Но он ещё соображает. Ещё может рисовать. Лёгкие… да, с лёгкими всё в порядке. Печень, почки — выдержат ли нагрузку? Может, нужна вторая печень?
Виски обжигает горло, мел крошится в пальцах и осыпается белой пылью на колени. Он уже весь изгваздался в мелу, и это чертовски смешно — сейчас всё чертовски смешно. Это всё виски, думает Игорь; мелькает мысль, что, пожалуй, хватит, и он отодвигает стакан, а Виктор встаёт, чуть покачиваясь, над их рисунком, оглядывает его и отхлёбывает прямо из бутылки. Потом, что-то заметив, практически падает на пол и хватает кусок мела.
— Это великолепно, правда? — смеётся он, подправляя на схеме неровную линию, и тут же без перехода заявляет: — Здесь жарковато.
Он скидывает жилет и расстёгивает рубашку. Повторяет с вопросительной интонацией:
— Здесь жарко. Почему мне так жарко, Игорь?
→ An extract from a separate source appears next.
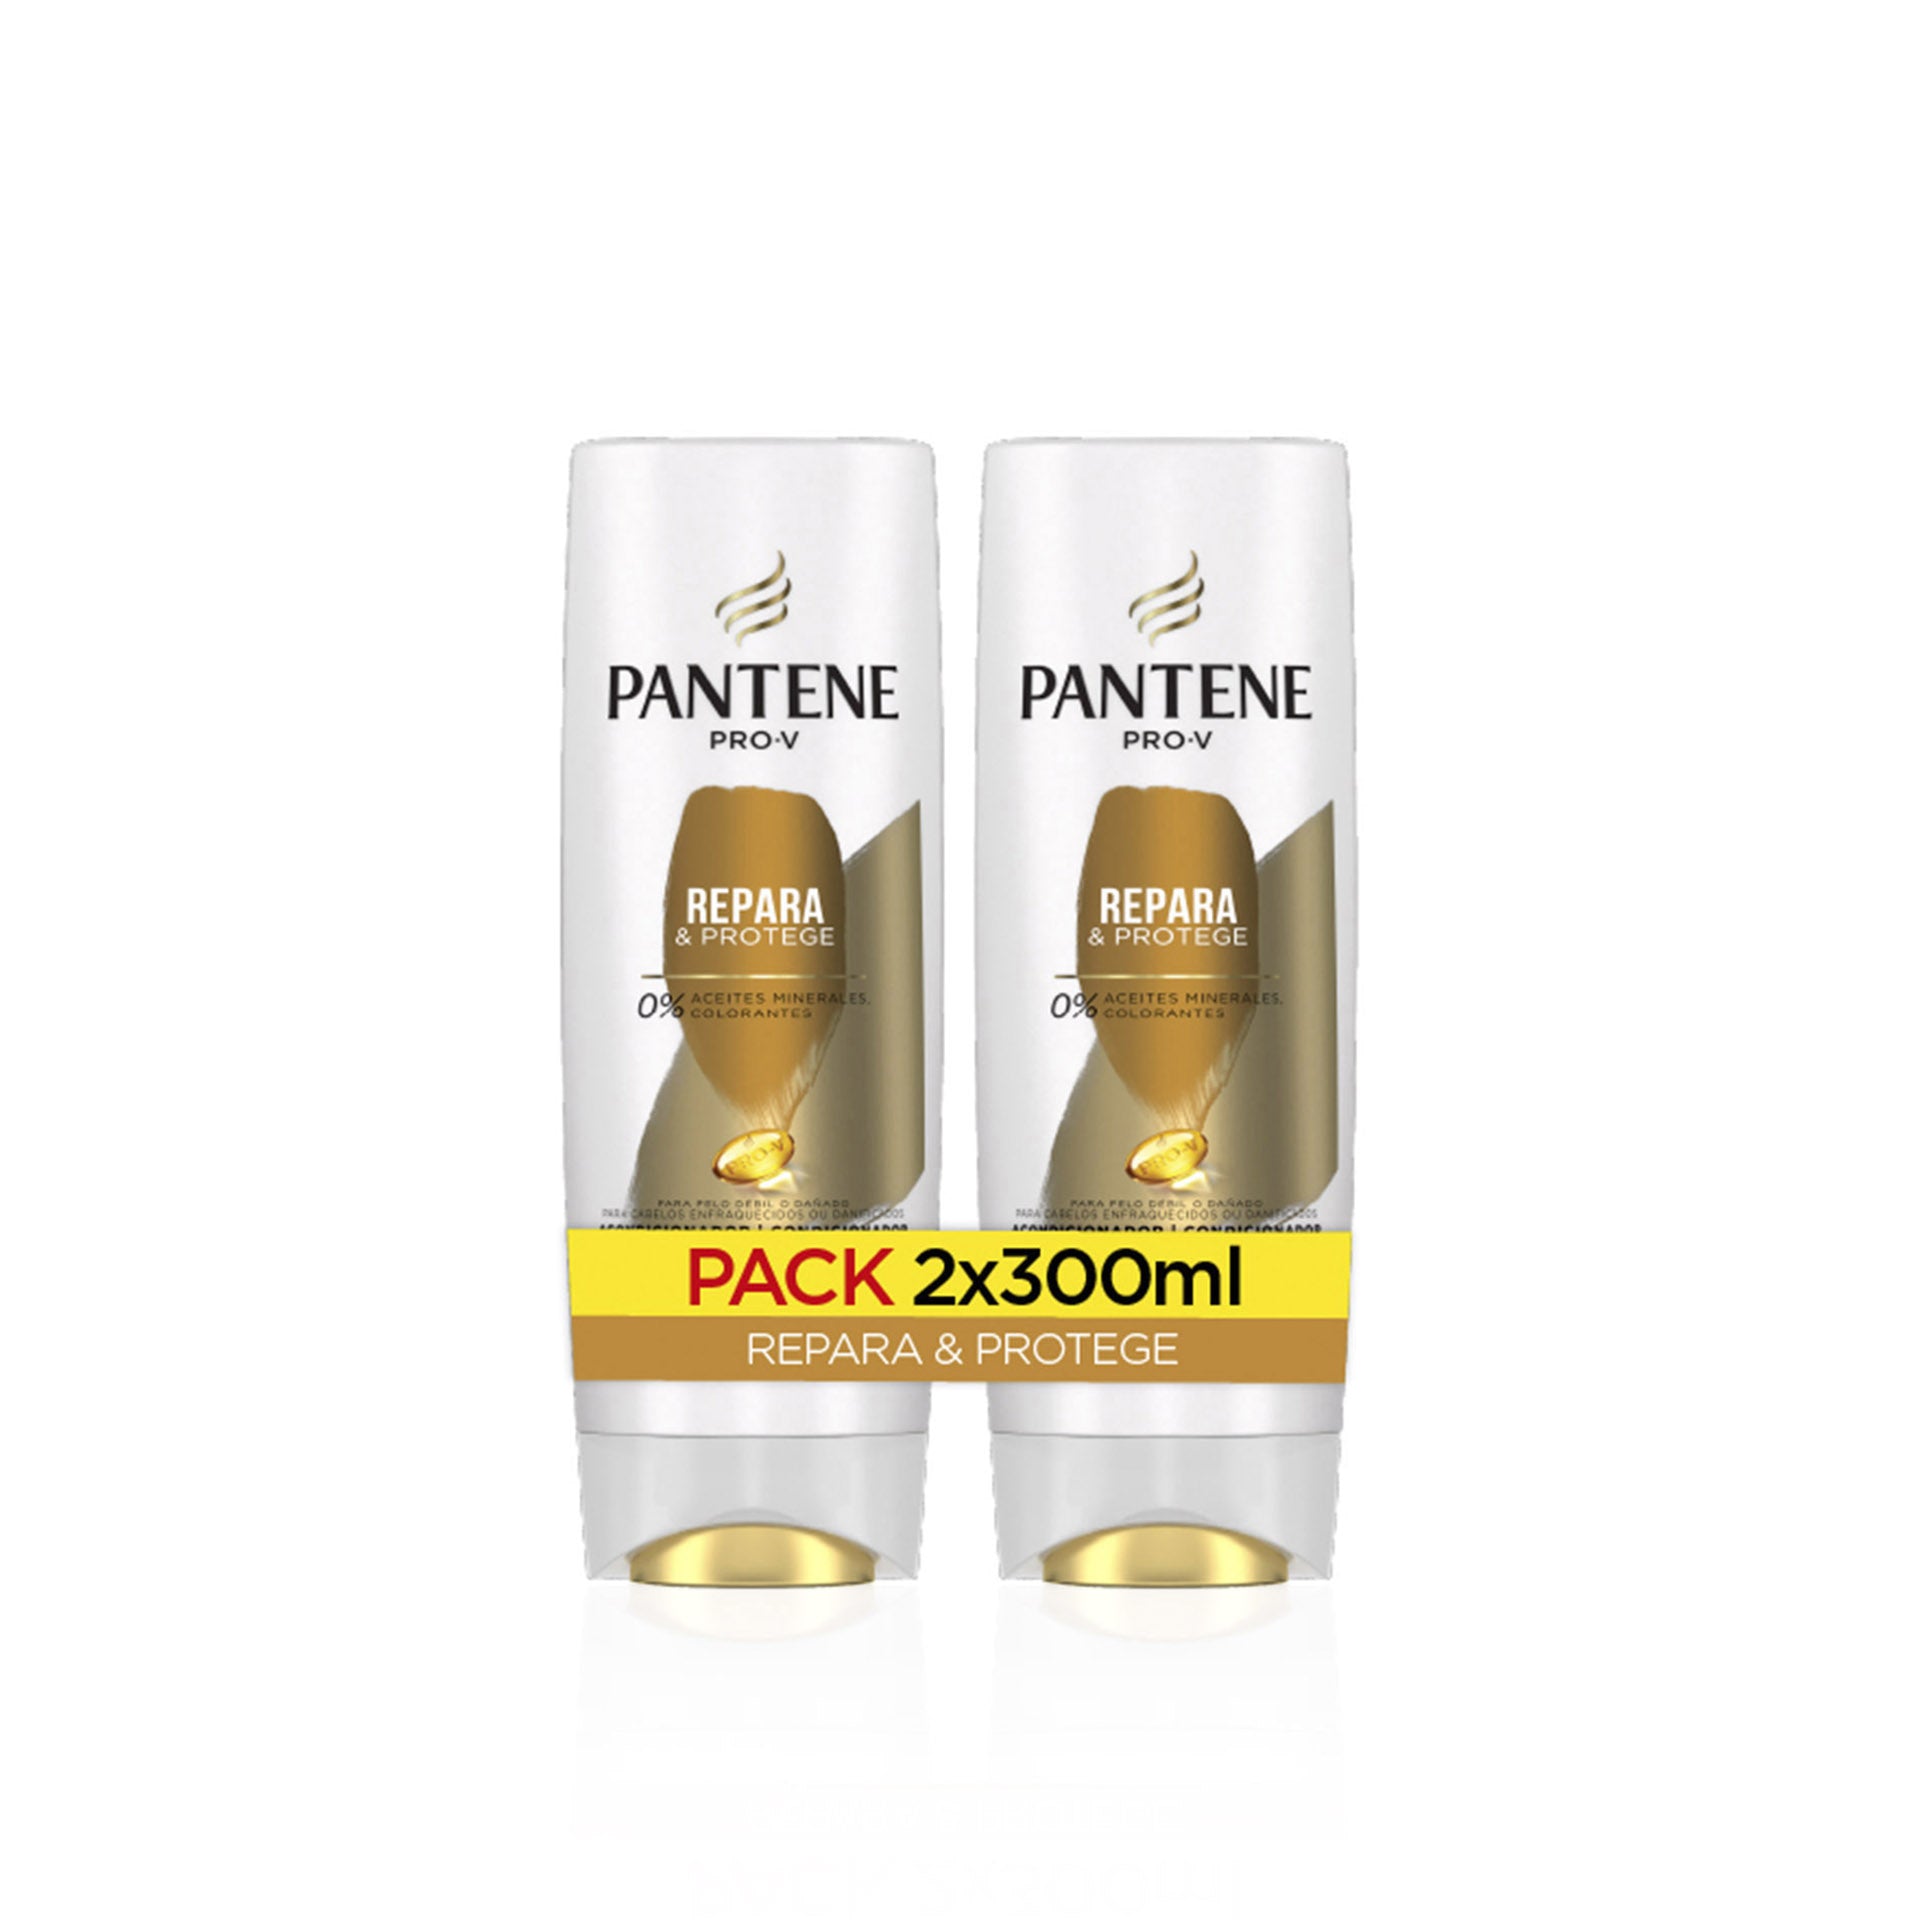 Pantene Condicionador Repara & Protege 300 ml - Pack 2 x 300 ml
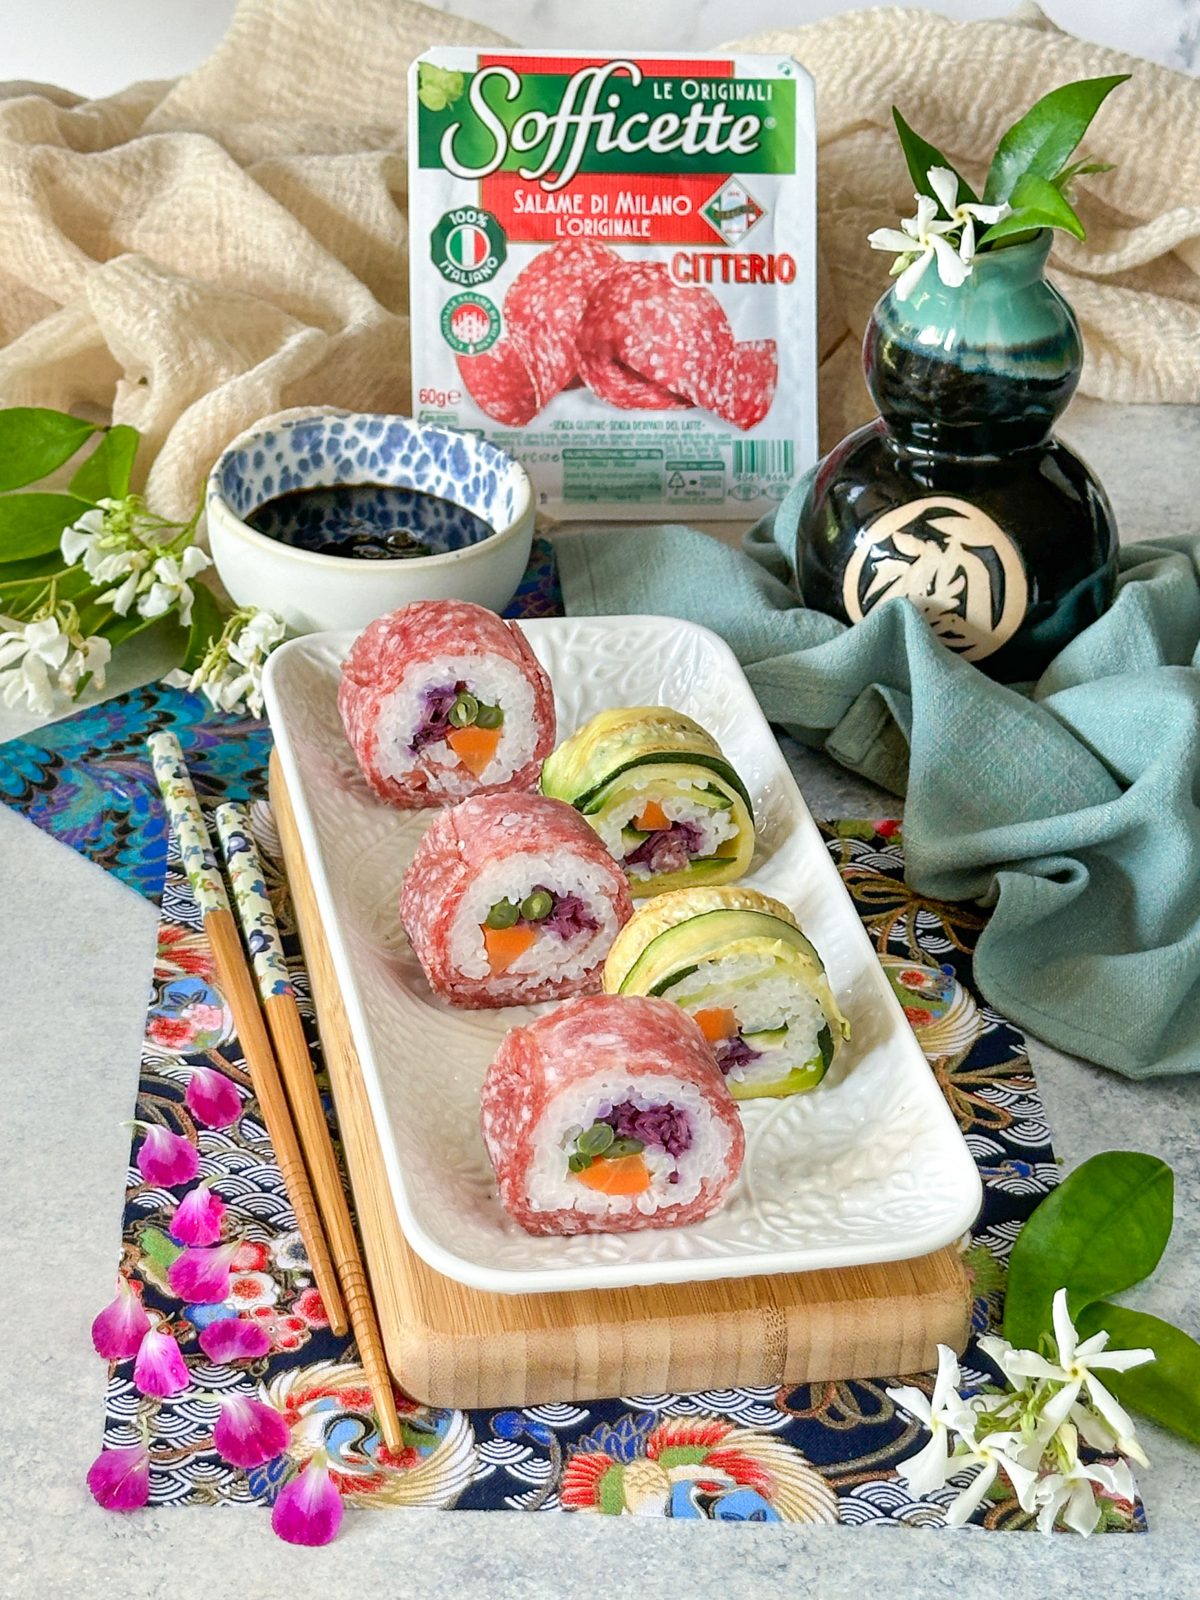 Sushi di salame, Futomaki con Sofficette Salame Milano_2_con pack

— Я открою окно? — предлагает Игорь и пытается встать, но Франкенштейн не пускает его. Хватает за локоть и за колено, вдруг оказывается неожиданно близко, и он остаётся на месте, потому что для того, чтобы встать, теперь нужно отпихнуть друга.
— Не трогай окно, оно открывается не-три-ви-аль-но, — Виктор выговаривает последнее слово по слогам, наставительным тоном, но это наверняка просто из-за того, что у него заплетается язык, и потому тоже смешно. Впрочем, за свою способность произносить длинные слова Игорь не поручился бы.
— Хорошо, — послушно кивает он. — Мы закончили здесь, как думаете?
— Не знаю… Не совсем, — Франкенштейн хмурит лоб в раздумьях, облизывает губы; продолжая опираться на него, тянется к брюшной полости проекта и что-то начинает исправлять.
Всё-таки печень, думает Игорь. Чего не хватает?
Он пропускает момент, когда Виктор с возгласом: «Вот так!» — роняет мел и оборачивается к нему. Опрокидывает его на пол: он только успевает извернуться, чтобы не зацепить и не размазать чертёж. Сбивает плечом бутылку, и разлившийся виски пропитывает волосы. Всё сейчас пахнет виски — бутылка, он сам, дыхание Виктора, который наваливается на него почти всем телом.
— Он великолепен, да? — бормочет Виктор. — Прометей. Наш Прометей. Две пары лёгких… Ты чудо, Игорь, помнишь?
— Я…
Игорь до сих пор не привык к тому, что его хвалят. Что признают его заслуги. Он теряется, и он выпил уже больше, чем когда-либо, но что-то в этой сцене не так — он не может понять до конца, что именно. Потому, сглотнув, с беспокойством спрашивает:
— Виктор, вы в порядке?
— Я? — Франкенштейн удивлённо вскидывает брови, снова чуть хмурится, беззвучно проговаривает какое-то слово еле заметным движением губ; Игорь различает каждое изменение его лица, каждую мимическую морщину. — В полном. Это всё действует сильнее, чем афродизиаки, — выдыхает он, наклоняясь ещё ближе, так, что Игорь чувствует дыхание у себя на щеке. — Ты ведь знаешь, что такое афродизиаки?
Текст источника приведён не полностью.